The code for editorReadKey (the final version, at least for this chapter, is here) has also become pretty ugly. Even in this relatively short implementation, all these nested ifs and elses make it very hard to see how the control logic works.

That said, I don't want to take time right now to work out a cleaner solution than the one I have right now (I'm more interested in the other parts of this code) so I'm going to leave this the way I have it. Probably the best answer is to break down and use a third-party library that has already solved this problem.

Sunday, May 13, 2018

kilo commentary: Moving the cursor (steps 43-45)

In spite of a hiatus that's now more than a year long, I haven't forgotten about my kilo project. Steps 43-45 involve code to keep track of where the cursor is on the screen, and allow the user to move it around. Here's the original code that does that:

void editorMoveCursor(char key) {
  switch (key) {
    case 'a':
      E.cx--;
      break;
    case 'd':
      E.cx++;
      break;
    case 'w':
      E.cy--;
      break;
    case 's':
      E.cy++;
      break;
  }
}
void editorProcessKeypress() {
  char c = editorReadKey();
  switch (c) {
    case CTRL_KEY('q'):
      write(STDOUT_FILENO, "\x1b[2J", 4);
      write(STDOUT_FILENO, "\x1b[H", 3);
      exit(0);
      break;
    case 'w':
    case 's':
    case 'a':
    case 'd':
      editorMoveCursor(c);
      break;
  }
}

The code is basically decoding the w, s, a, and d characters twice: once to determine that the editorMoveCursor function should be called, and another to determine how the cursor should be moved. This is (IMO) another bug waiting to happen, in a large project these two points in the code could easily get out of sync. There's no reason not to do something like this (which is also my current solution):

void editor_move_cursor(int dcx, int dcy)
{
    g_editor_state.cx += dcx;
    g_editor_state.cy += dcy;
}


void editor_process_keypress(char c)
{
    string_const clear_screen = get_clear_screen_str();
    string_const home_cursor  = get_home_cursor_str();

    switch (c)
    {
    case CTRL_KEY('q'):
        write_str(clear_screen);
        write_str(home_cursor);
        exit(0);
        break;

    case 'w': editor_move_cursor( 0, -1); break;
    case 's': editor_move_cursor( 0,  1); break;
    case 'a': editor_move_cursor(-1,  0); break;
    case 'd': editor_move_cursor( 1,  0); break;
    }
}

Note that now only editor_process_keypress needs to know what keys move the cursor, and editor_move_cursor gets parameters that are directly interpretable.

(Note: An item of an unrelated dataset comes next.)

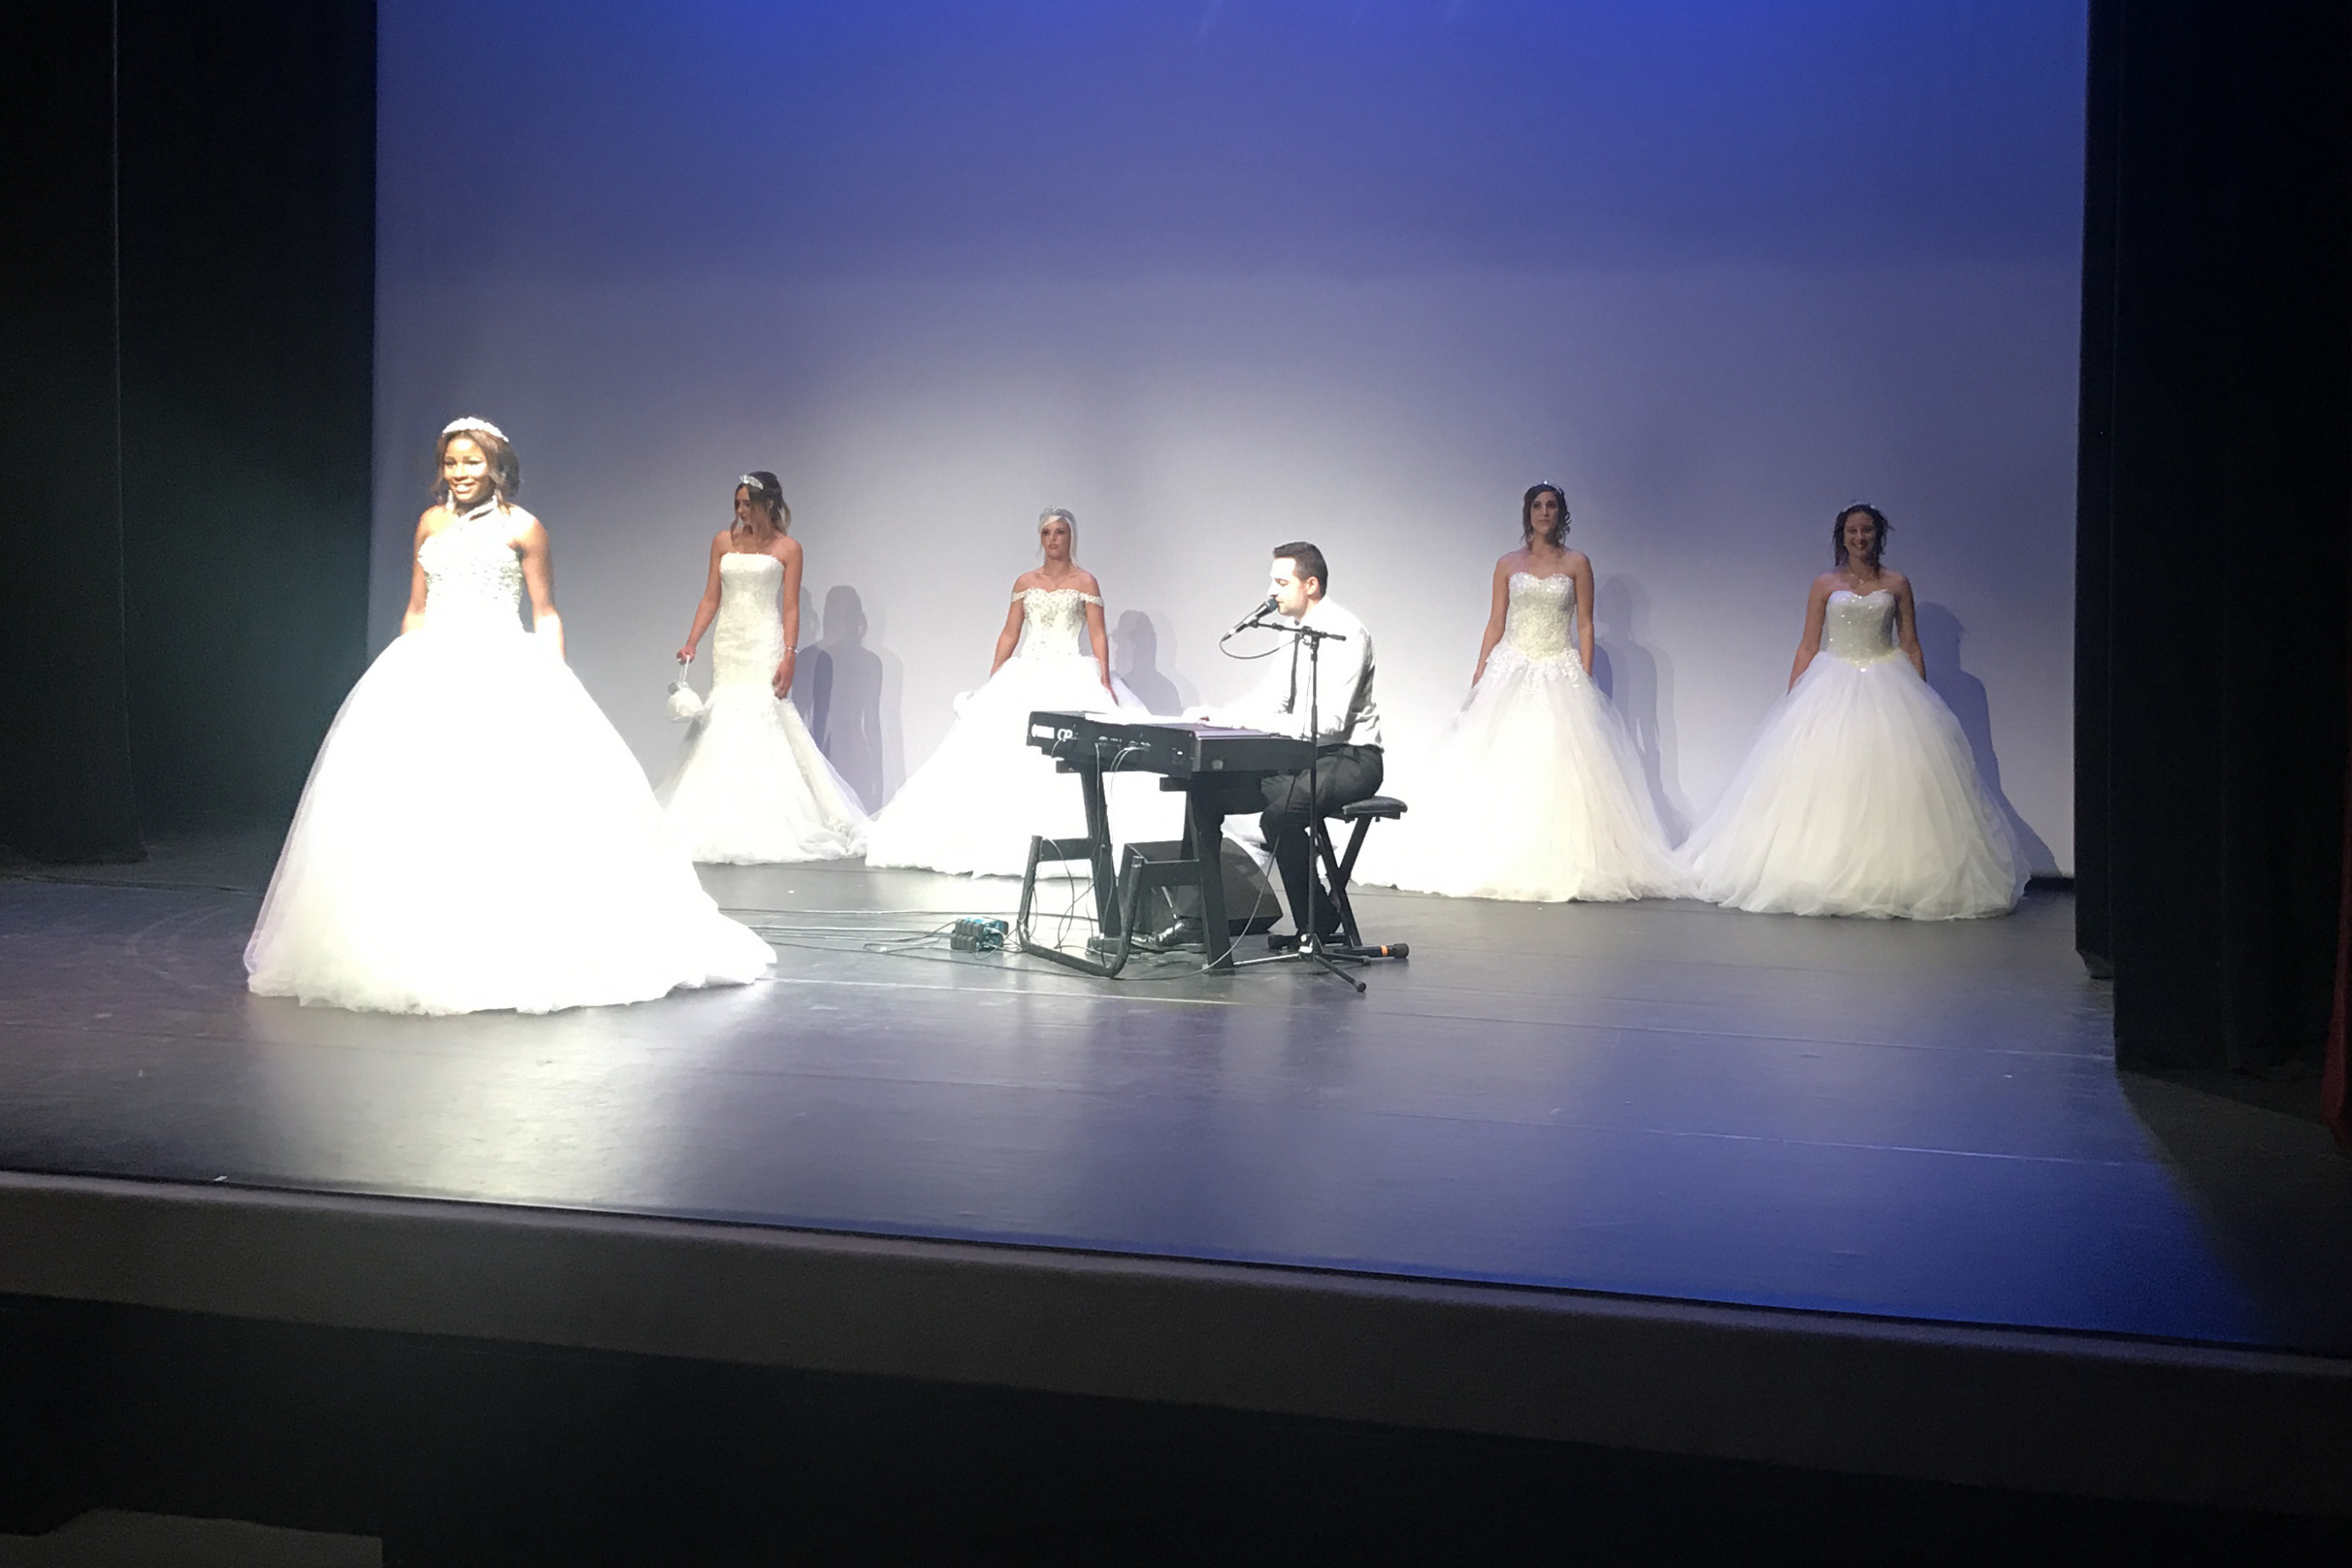 Optredens-005.jpg

Thursday, February 22, 2018

The interface to JavaScript's Date object is kinda broken

Here's an amusing thing to type into your favorite JavaScript console:

new Date('2018-01-01').getFullYear()

The response I get is 2017, which is surprising, at best.

What's happening?

The first part of the problem is that the Date object is actually a date and time object, and so new Date('2018-01-01') creates an object that has the date and time of January 1st, 2018 00:00 GMT. Which in and of itself is a reasonable enough choice.

The part that leads to the surprising result is that .getFullYear() returns a localized result, and since I am in a GMT+7 time zone, January 1st, 2018 00:00 GMT is actually December 31st, 2017 17:00 local time, and so .getFullYear() tells me it's still 2017.

Of course, the Date interface is broken in other ways too (.getYear() is actually non-Y2K compliant, in spite of the fact that it was presumably first designed and implemented less than a decade prior to the year 2000).

Can anything be done?

It turns out that dealing with time and time zones is actually surprisingly complex, and given JavaScript's "colorful" history, it's not surprising that the Date interface has its share of quirks. Really, I just wish there as an object for dealing with dates alone, without an accompanying time. Date would be a fine name for that object, if it weren't already taken.

I'm in a situation where I want to be able to deal with dates in JavaScript, and it seems like my choices are either to use the Date object with its rather non-intuitive interface, or roll my own date-only object. Neither choice seems optimal, but I think rolling my own date-only object would add more inertia to my projects than I'm willing to take on right now.